Luis Alvarez via Getty Images

SoundCloud has found a powerful partner for its unusual royalty system that ensures lesser-known artists and indie acts are getting the money they deserve. The service has signed a global licensing agreement with Warner Music Group, making the company the first record label to adopt its Fan-Powered Royalties model. Some of the record label's most popular acts are Ed Sheeran, Coldplay, Cher, Gorillaz, Hayley Kiyoko, Kelly Clarkson and Lizzo. However, it's most likely the artists who aren't quite as well-known who would benefit the most from the scheme.

This deal ensures every artist across the label's roster gets paid based on users' listening habits. Most streaming services' pro-rata model puts their ad earnings and their customers' subscription payments in one big pot used to pay artists based on their share of total plays across the service. SoundCloud's system, however, sends listeners' subscription money directly to the artists they're listening to. 

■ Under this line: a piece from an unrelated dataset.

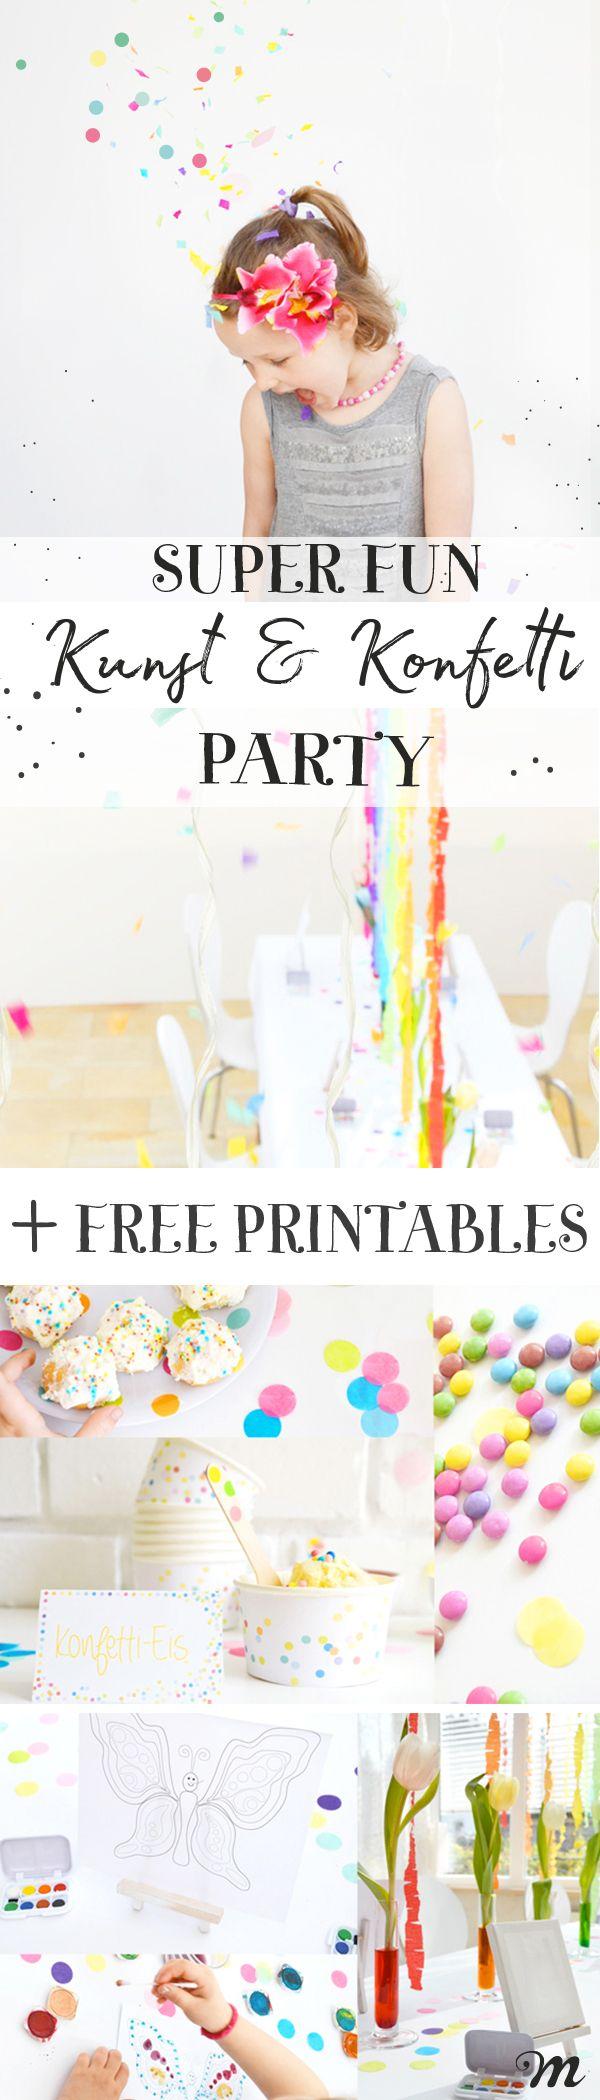 YAY - die superfröhliche Kunst und Konfetti Party für den Kindergeburtstag + kostenlose  Printables mit Einladungskarte. Schaut euch die Rezepte, Spiele und Deko an. Die Party hat so viel Spaß gemacht und ist für Jungs und Mädchen ein tolles Thema. Viele weitere Ideen für einen Kindergeburtstag findet ihr auf dem Minidrops Blog.  Tipp: Jetzt pinnen - später in Ruhe anschauen #Konfetti #Party #Kindergeburtstag #Printables #Einladung #schnell #Minidrops

The service launched the new model in 2021 and implemented it for performers using SoundCloud Premier, Repost and Repost Select. Back then, it said artists could collect as much as five times their previous royalties under the scheme. Company President Eliah Seton said in a statement: "Warner Music Group is known for developing some of today's biggest superstars and helping them build long-term careers by investing in technologies and models which grow and support their fan communities. This makes them an ideal partner for SoundCloud... [The company] is known for our community of music-loving fans and this partnership aligns with our commitment to a fan-powered, artist-centric business."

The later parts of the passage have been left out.